The selected route will “minimize tidal stresses on the pipeline and avoid water depths greater than 200 feet, the maximum depth for safe operation by marine divers,” the project description says, adding the pipeline route doesn’t cross any seismic faults.

The underwater segment of the pipeline will run about 22 miles. Counting the onshore bits on either side, the line will run a total of 29 miles.

130 construction jobs

The right-of-way application estimates the cost of materials at $15 million, and the cost of construction at $35 million.

The estimated annual cost to operate and maintain the line is $5.2 million.

The project is expected to generate 130 construction jobs.
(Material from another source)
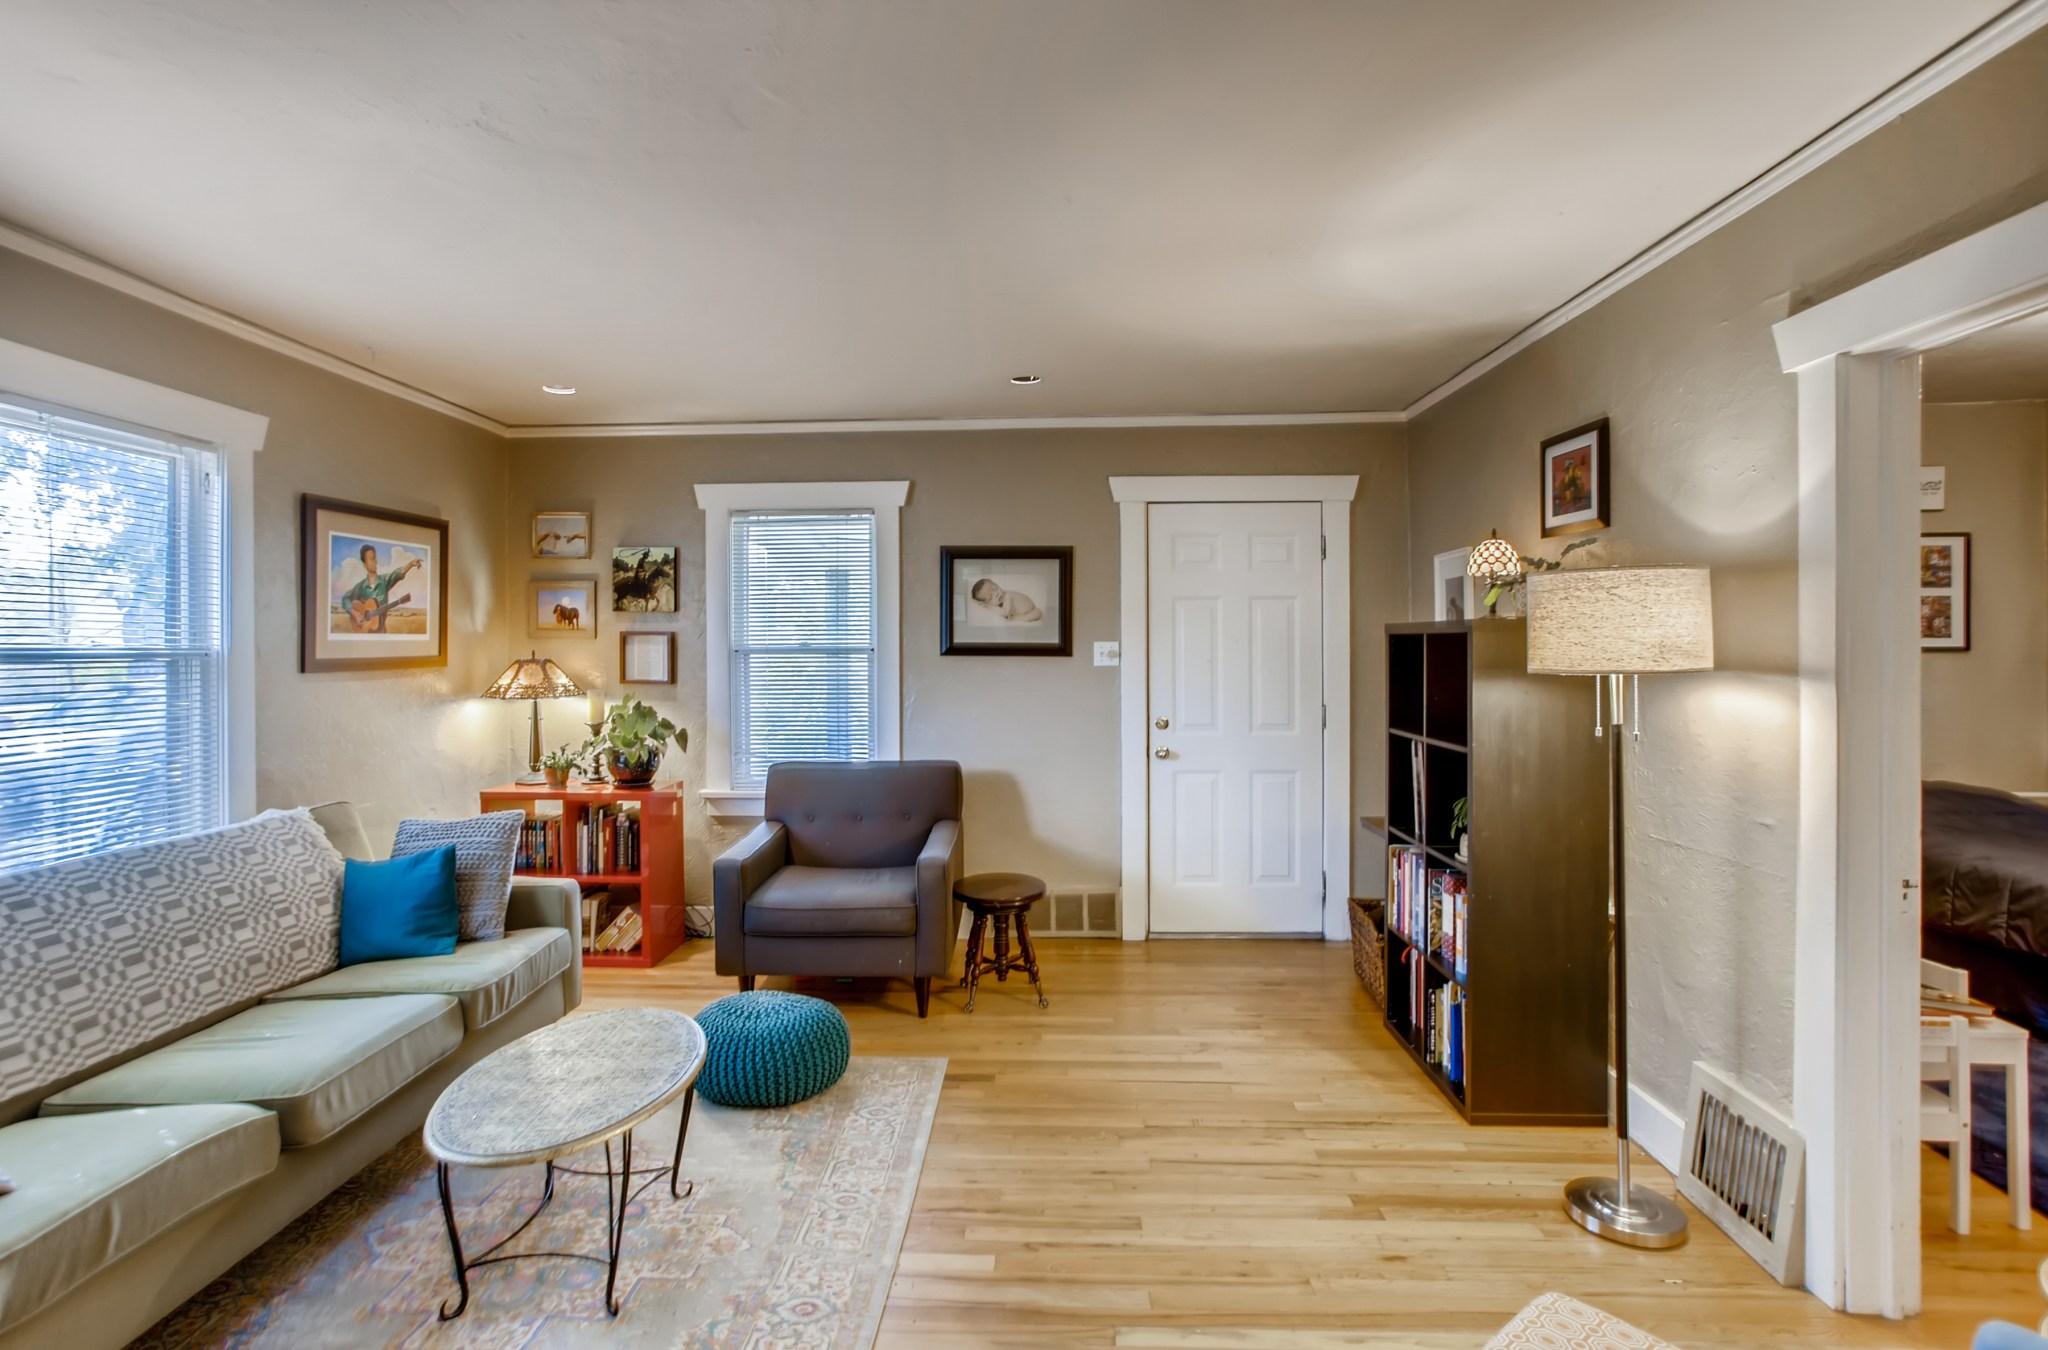 15-Family-Room

A dozen people, eight in the field and four in the office, will be needed to operate and maintain the pipeline, the application says.

Two contractors are being considered for pipeline installation: Price Gregory and CONAM Construction, and NANA Construction.

A lay barge will install the subsea pipe, the application says. Most of the in-water construction work is scheduled for May and June, prior to the commercial salmon season. This is also a timeframe when annual tidal velocities are lowest, and beluga whales are out of the area.

The pipeline will rest anchored on the seafloor, and will be buried where conditions allow subsea trenching.

The pipeline will have a number of safety features including a leak detection system. It’ll accommodate smart pigs, devices that slide through a pipeline to test for problems such as corrosion. An epoxy coating on the pipeline, plus cathodic protection, will provide further defense against corrosion. The pipeline wall will be half an inch thick.

Most of the pipeline route crosses state lands. DNR’s State Pipeline Coordinator’s Office has set a Dec. 31 deadline for submitting written objections to the requested pipeline right-of-way lease.